Dramatisch ist auch der von B. Anthony Stewart eingefangene Blick, den 1950 Besucher vom Dach des Tribune Building in Chicago auf den Chicago River werfen.
In Kansas steht 2007 der Fotograf Jim Richardson inmitten eines Gewitters auf weitem Feld und bannt einen Hagelsturm aufs Bild.
Faszinierend ausgeleuchtet ist die Mammoth Cave-Höhle in Kentucky, mit 390 Meilen Gängen das längste bekannte Höhlensystem der Welt. David S. Boyer fotografiert hier 1964 tiefenscharf.
2007 zeigt uns Tyrone Turner den Trompeter Kenneth Terry und die New Birth Brass Band in Louisiana, wie sie zwei Jahre nach dem Hurrikan Katrina und der Zerstörung von New Orleans ein Konzert geben.
1944 beginnt in der Michigan’s River Rouge Plant eine neue Schicht. B. Anthony Stewart zeigt, wie ein Teil der dortigen 150.000 Ford-Arbeiter gerade zur Arbeit gehen.
Zweimal hinschauen muss man bei der Truthahn-Straßenparade, die Jim Brandenburg im September 1976 auf den Straßen von Worthington, Minnesota, eingefangen hat, in jenem Staat, der die meisten Puten und Truthähne der USA produziert.
Unwahrscheinlich runzelig und zugleich würdig blickt der um das Jahr 1900 von Lewis R. Freeman porträtierte Chippewa-Häuptling Chief John Smith aus Missouri in die Kamera. Heute, so ergänzt der Bildtext, gibt es dort keinen von der US-Regierung anerkannten Indianerstamm.
Patriotismus im Hinterland, in einer Landschaft mit viel Raum und Zeit, findet Jodi Cobb 1978 in der spärlich besiedelten Sandhills-Region von Nebraska, wo in Cherry County an der „School 100“ der Tag damit beginnt, dass ein einsamer Lehrer und seine beiden einzigen Schüler die amerikanische Flagge hissen. (Überhaupt ist der Umgang mit diesem patriotischen Nationalsymbol in dem Buch sehr bemerkenswert.)
1941 fotografiert B. Anthony Stewart im üppigen Grasland der Osage Hills in Oklahoma eine Herde von Hereford-Rindern an einem Wasserloch. Eine pastorale Idylle.

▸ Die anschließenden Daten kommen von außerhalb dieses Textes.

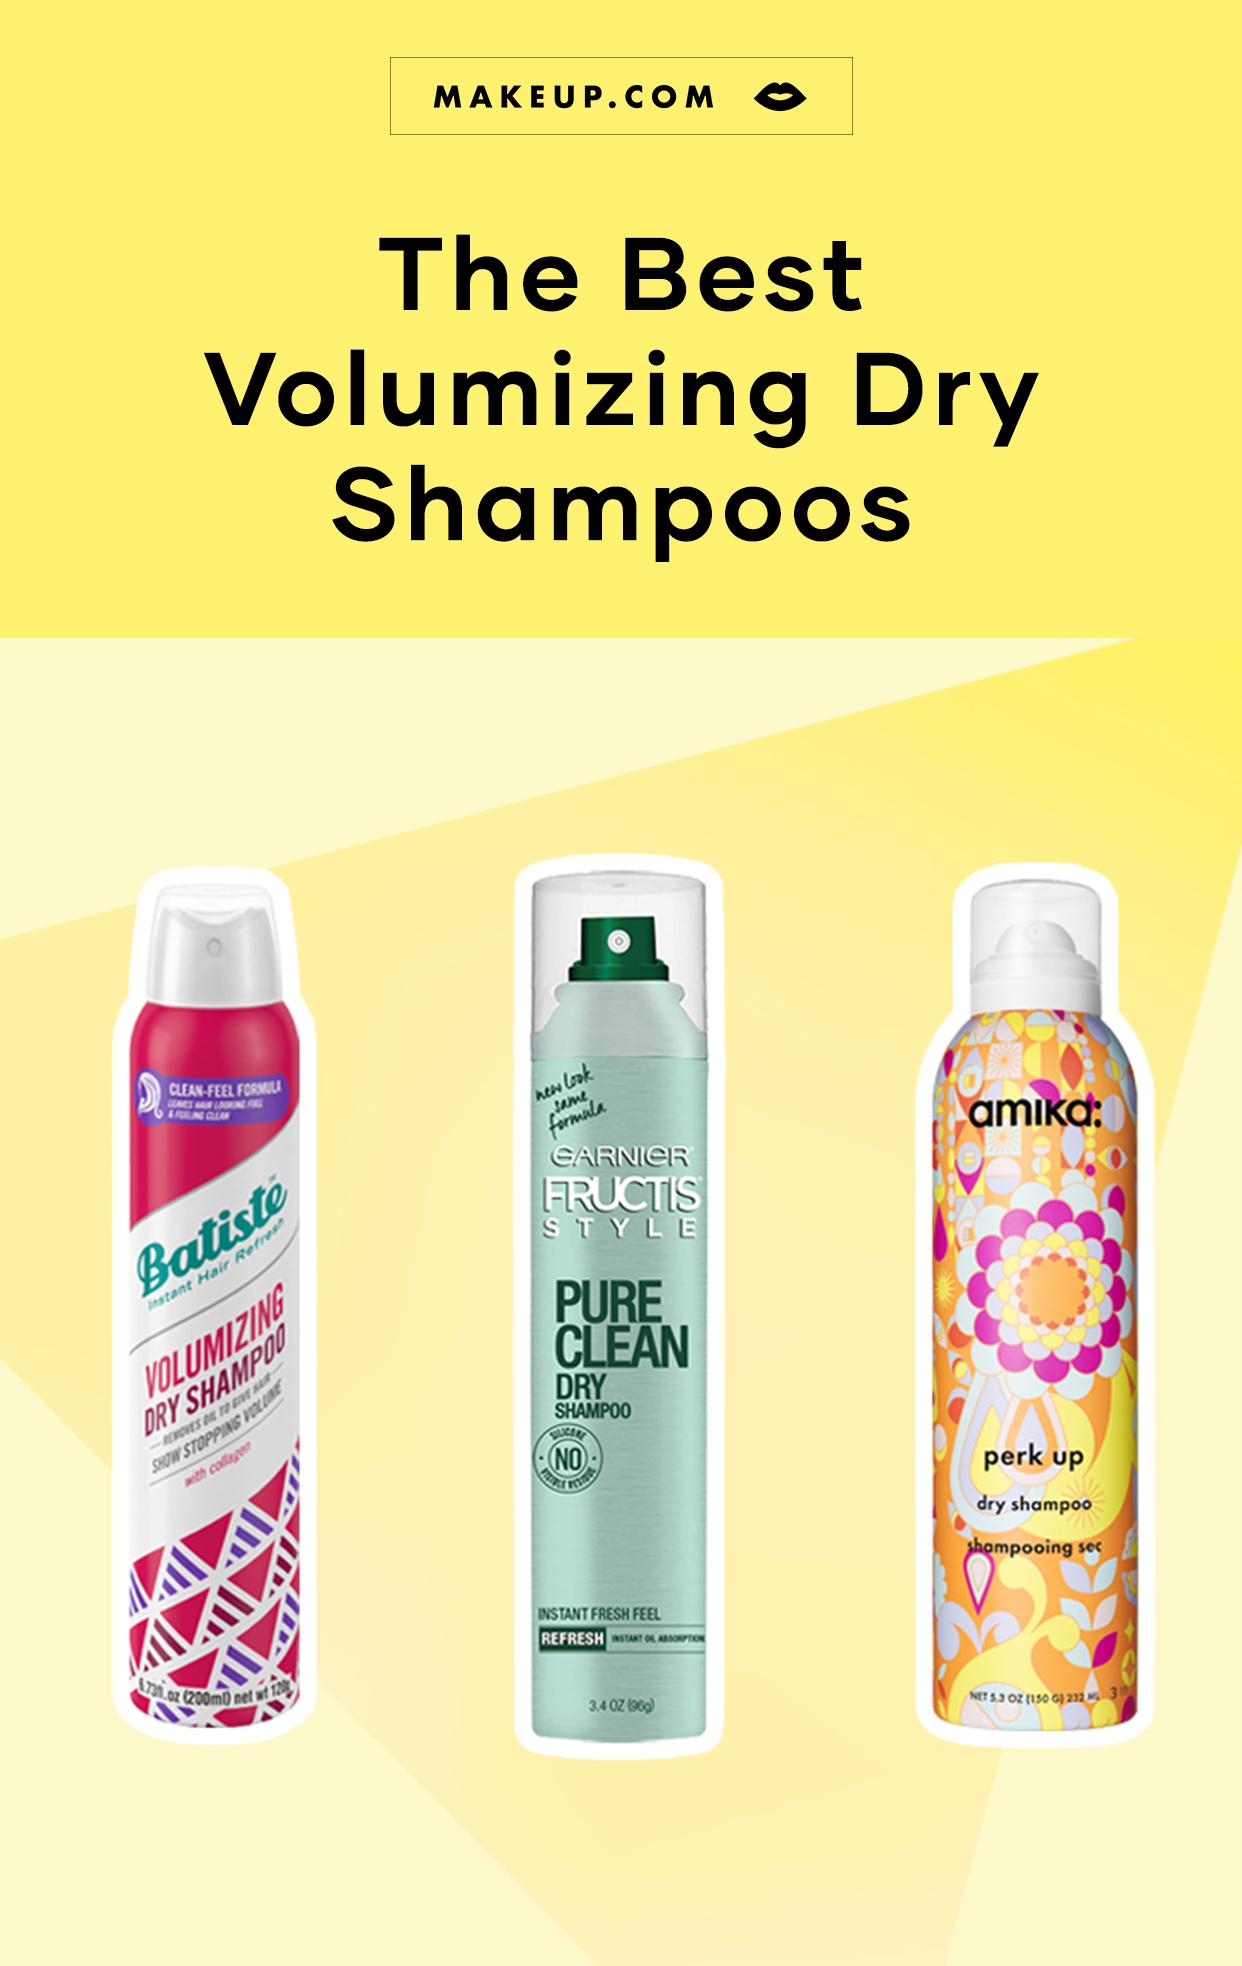 Best Volumizing Dry Shampoos Makeup Com By L Oreal Dry Shampoo Limp Hair Best Dry Shampoo

Die Natur mit sich allein zeigt J. Elliott Finlay 1946 in einem tiefenscharfen Schwarz-Weißfoto am Ice Lake in Oregons Wallowa-Gebirge. Im See spiegelt sich ein Dreitausendergipfel, der den Namen Matterhorn trägt.
1930 sieht Charles D’Emery den Steinmetzen bei der Arbeit an Abraham Lincolns Gesicht am Mount Rushmore in South Dakota zu. Die Arbeiten begannen 1927 und wurden 1941 beendet, die Klagen der Schwarzfuß-Indianer nicht beachtet.

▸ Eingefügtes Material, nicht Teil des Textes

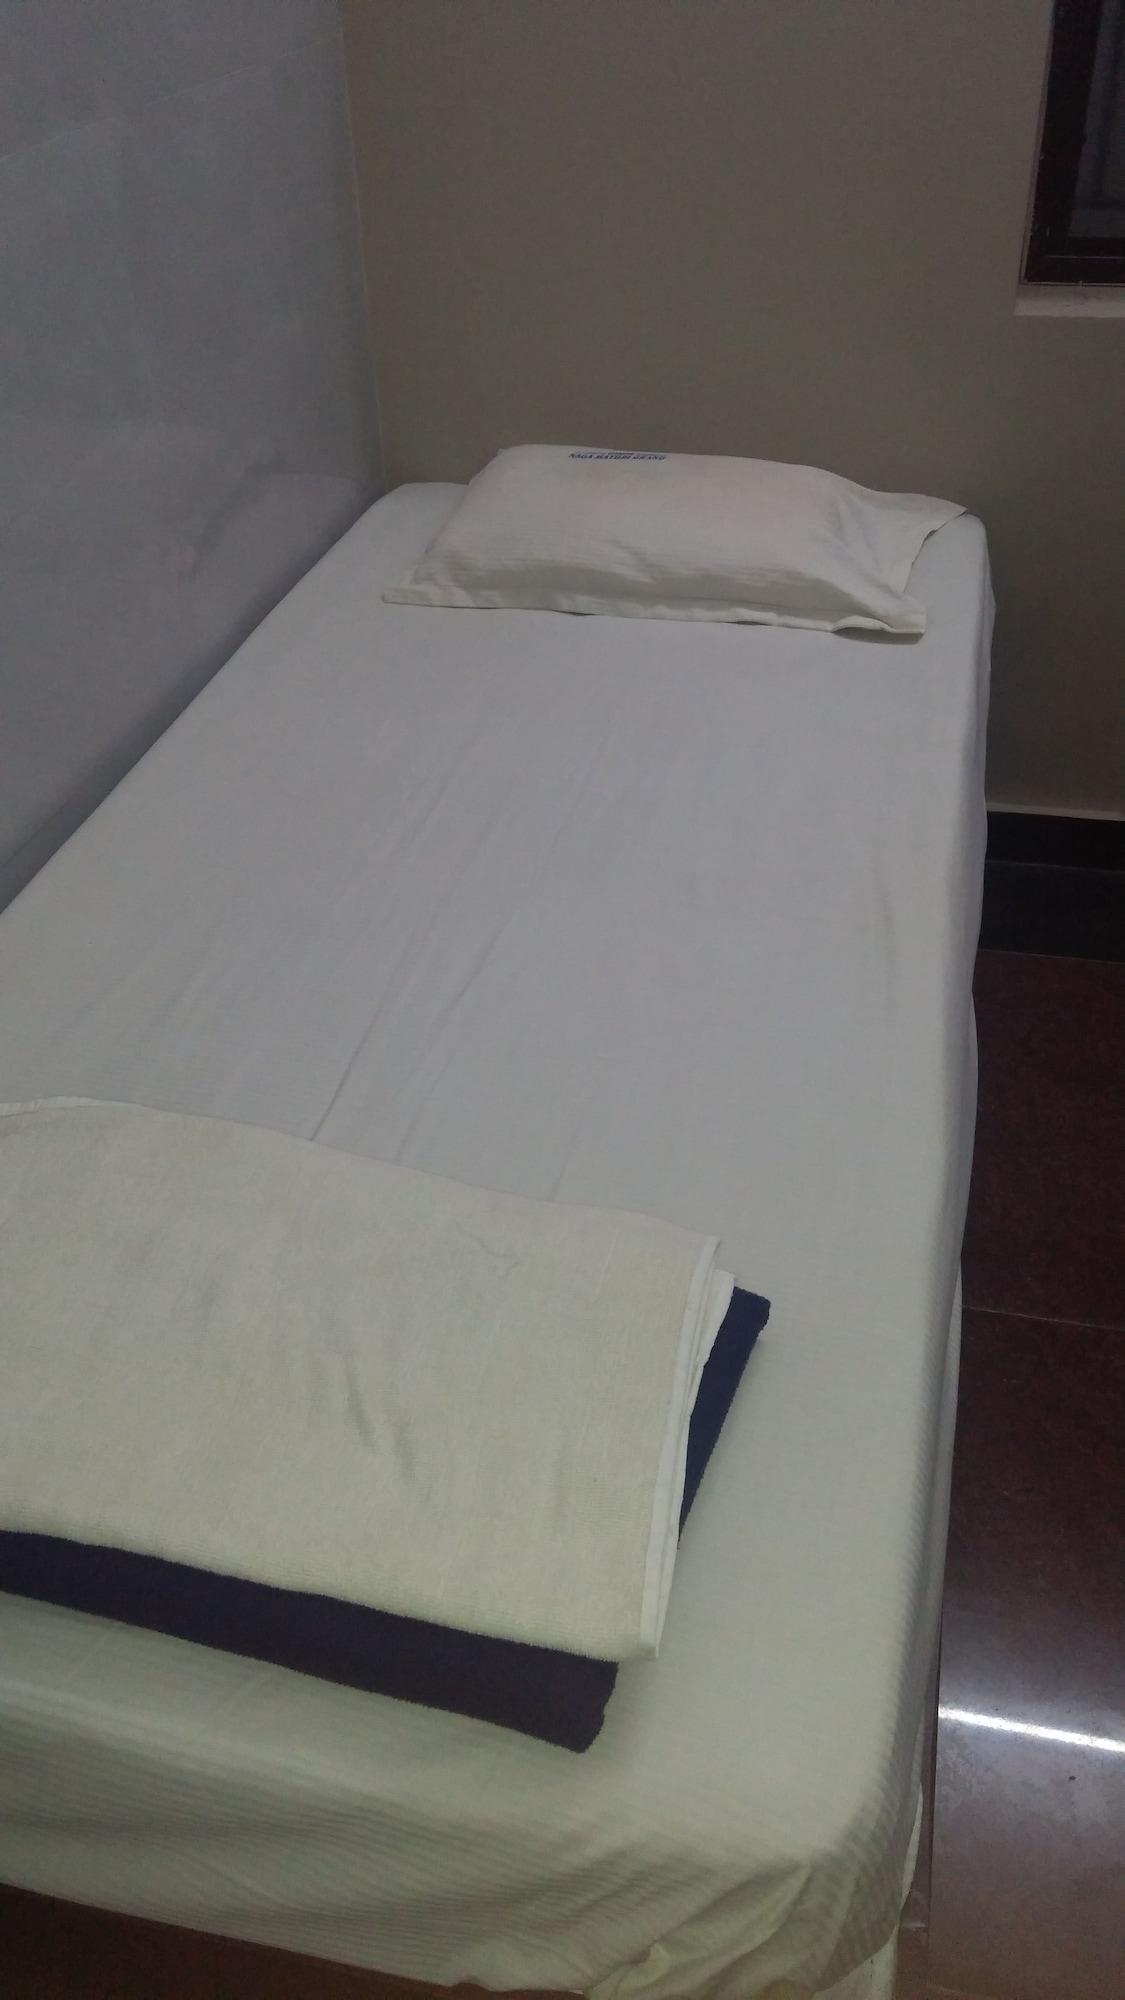 Iroomz NVR Hotels Luxury Redefined, Kurnool

Ebenfalls wieder B. Anthony Stewart ist 1953 bei der Azaleenblüte in den Magnolia Gardens von Charleston in South Carolina dabei.

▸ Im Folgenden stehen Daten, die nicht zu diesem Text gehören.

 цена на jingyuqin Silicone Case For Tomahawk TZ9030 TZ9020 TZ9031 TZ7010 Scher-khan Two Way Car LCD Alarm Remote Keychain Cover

Und dann ist da – als wäre ein Mythos zu einer Ikone gefroren – 1974 von William Albert Allard eingefangen, ein einzelner texanischer Cowboy in vollem Galopp auf einer leeren, weiten Prärie, alle Horizonte offen …
Amerika ist immer wieder viele, viele Blicke wert, keine Frage. Diese zweibändige große Homage macht das mit ihrem panoramischen Blick anregend deutlich. Bei allem kritischen und selbstkritischen Blick ist es eine große, schwergewichtige Liebeserklärung. E pluribus unum – Aus vielem Eins.
Alf Mayer
Jeff Klein, Joe Yogerst, David Walker: National Geographic, The United States of America. Verlag Taschen, Köln 2016. Deutsche, englische und französische Ausgabe. Hardcover, Format 28 x 39 cm, zwei Bände im Schuber, durchgängig illustriert. 964 Seiten, 275 Euro. Verlagsinformationen.